Computing the Gaussian integral with Fourier methods?

Solution 1:

$$F(\omega) = \frac{1}{2 \pi} \int_{-\infty}^{+\infty} \exp(\frac{-t^2}{2}) \exp(- i \omega t) dt$$

Then:

$$F(\omega) = \frac{1}{\pi} \int_{0}^{+\infty} \exp(\frac{-t^2}{2}) \cos( \omega t) dt$$

Justify the derivation and integrate by parts to show that: $$F'(\omega) = - \omega F(\omega)$$

Then:

$$F(\omega) = C \exp(\frac{-\omega^2}{2})$$

Yet we know the Fourier inverse:

$$\exp(\frac{-x^2}{2}) = \int_{-\infty}^{+\infty} F(\omega) \exp( i \omega x) d\omega$$

Replace the formula for $F(\omega)$, we get almost the first formula we used, thus:

$$C = \frac{1}{\sqrt{2\pi}}$$

Take $\omega=0$ to conclude:

$$F(0) = C = \frac{1}{2 \pi} \int_{-\infty}^{+\infty} \exp(\frac{-t^2}{2}) dt$$

Finally:

$$\sqrt{2} \int_{-\infty}^{+\infty} \exp(-t^2) dt = \sqrt{2\pi}$$

Solution 2:

A way is to make use of the Poisson summation formula.
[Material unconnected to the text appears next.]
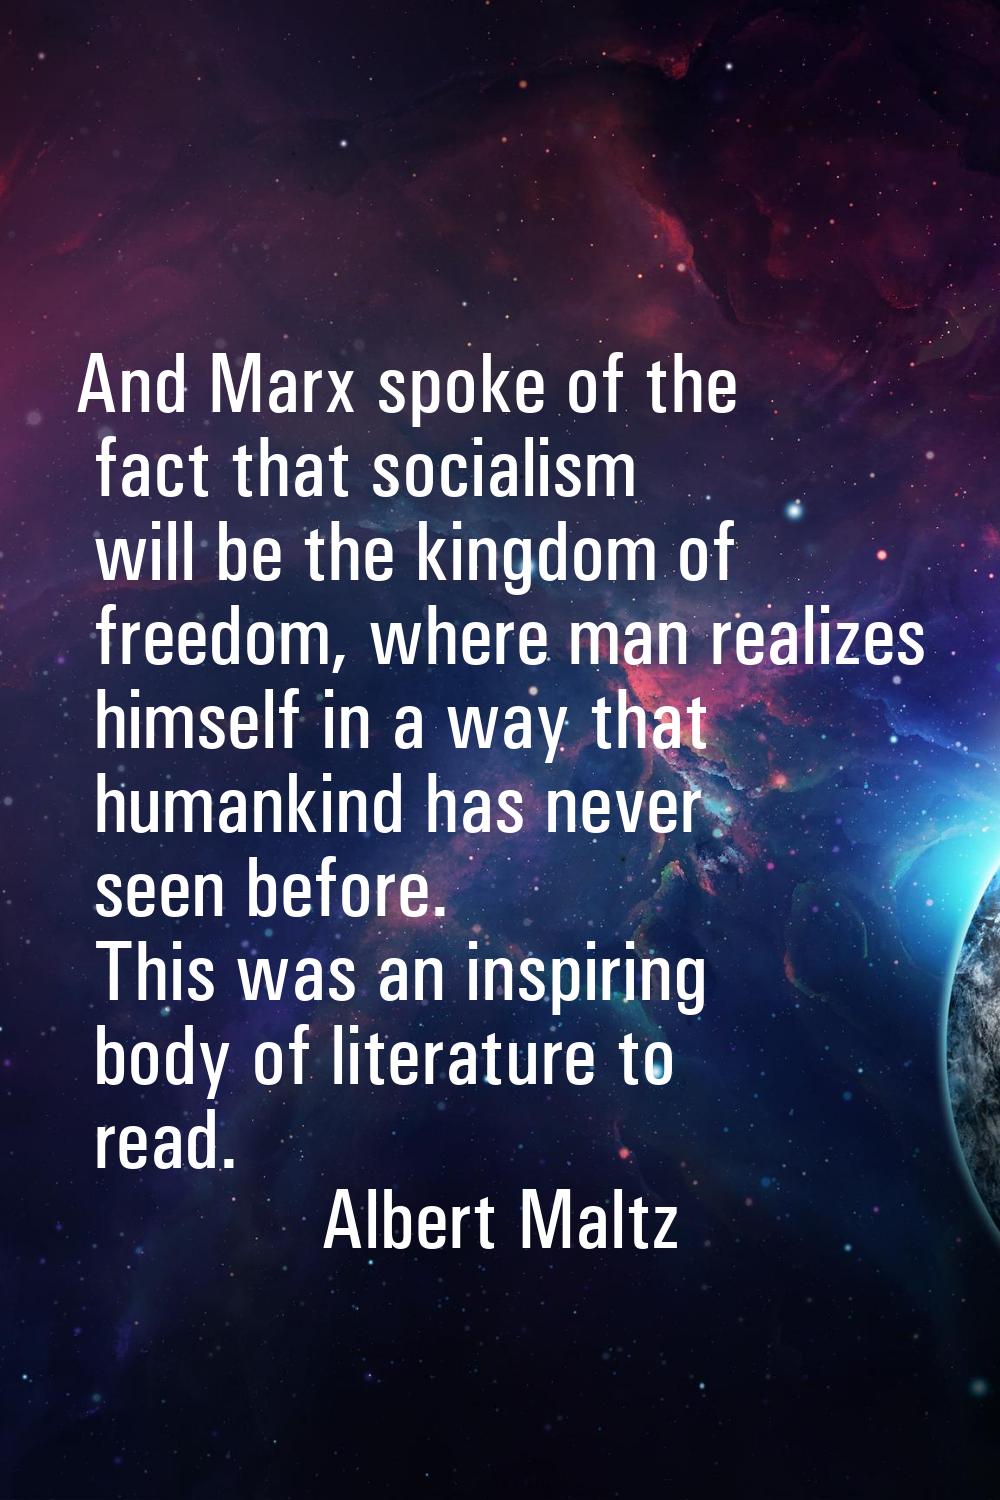 And Marx spoke of the fact that socialism will be the kingdom of freedom, where man realizes himsel

I will work with the Fourier transform $$\hat{f}(\xi) = \int_{-\infty}^{\infty} f(x) \exp(-2 \pi i \xi x) dx$$ The Poisson summation formula states that $$\sum_{\xi \in \mathbb{Z}} \hat{f}(\xi) = \sum_{n \in \mathbb{Z}} f(n).$$ Now take $f(x) = \exp(-\pi x^2)$. We then get that \begin{align} \hat{f}(\xi) & = \int_{-\infty}^{\infty} \exp(- \pi x^2) \exp(-2 \pi i \xi x) dx\\ & = \int_{-\infty}^{\infty} \exp(-\pi(x+i \xi)^2 - \pi \xi^2) dx\\ & = \exp( - \pi \xi^2)\int_{-\infty}^{\infty} \exp(-\pi(x+i \xi)^2) dx\\ & = \exp( - \pi \xi^2)\int_{-\infty + ic}^{\infty+ic} \exp(-\pi x^2) dx \end{align} By integrating from $-\infty+ic$ to $\infty + ic$, I mean integrate along the line Im$(x) = c$ from left to right. Now since the integrand is analytic, we can move this contour to $X$ axis and conclude that $$\int_{-\infty + ic}^{\infty+ic} \exp(-\pi x^2) dx = \int_{-\infty}^{\infty} \exp(-\pi x^2) dx$$ Hence, we get that $$\hat{f}(\xi) = C \exp( - \pi \xi^2)$$where $C = \displaystyle \int_{-\infty}^{\infty} \exp(-\pi x^2) dx$. Now make use of the Poisson summation formula to get that $$C \left(\sum_{\xi \in \mathbb{Z}} \exp(-\pi \xi^2) \right) = \left(\sum_{x \in \mathbb{Z}} \exp(-\pi x^2) \right)$$ We can afford to cancel $\displaystyle \left(\sum_{x \in \mathbb{Z}} \exp(-\pi x^2) \right)$ since it converges and hence we can conclude that $$C = \displaystyle \int_{-\infty}^{\infty} \exp(-\pi x^2) dx = 1$$ Suitable scaling gives you the integral and answer you are looking for.

Solution 3:

Set $f(x) = e^{-x^2}$ and $I = \int_{\mathbb{R}} e^{-x^2} \, dx$. Then compute the Fourier transform of $f$

$$\widehat{f}(y) = \int_{\mathbb{R}} e^{-x^2-2i\pi x y} \, dx = e^{-(\pi y)^2} \int_{\mathbb{R}} e^{-(x+i \pi y)^2} \, dx$$

Using the residue theorem, we can show the value of $\int_{\mathbb{R}} e^{-(x+i \pi y)^2} \, dx$ does not depend on $y$ (roughly, integrate $f$ on an horizontal rectangle whose width goes to infinity). So $\widehat{f}(y) = I . f(\pi y)$. Now use Fourier inversion formula

$$f(x) = I . \int_{\mathbb{R}} f(\pi y) e^{-2i\pi x y} \, dy \underset{t = \pi y}{=} \frac{I}{\pi} . \int_{\mathbb{R}} f(t) e^{-2i x t} \, dt = \frac{I}{\pi} \widehat{f}\left(\frac{x}{\pi}\right) = \frac{I^2}{\pi} f(x)$$

Since $I \ge 0$ (because $f \ge 0$), you get $I = \sqrt{\pi}$.

Solution 4:

In this paper http://www.math.uconn.edu/~kconrad/blurbs/analysis/gaussianintegral.pdf you have as many as 10 proofs of this result, the 10th being by means of Fourier Transform.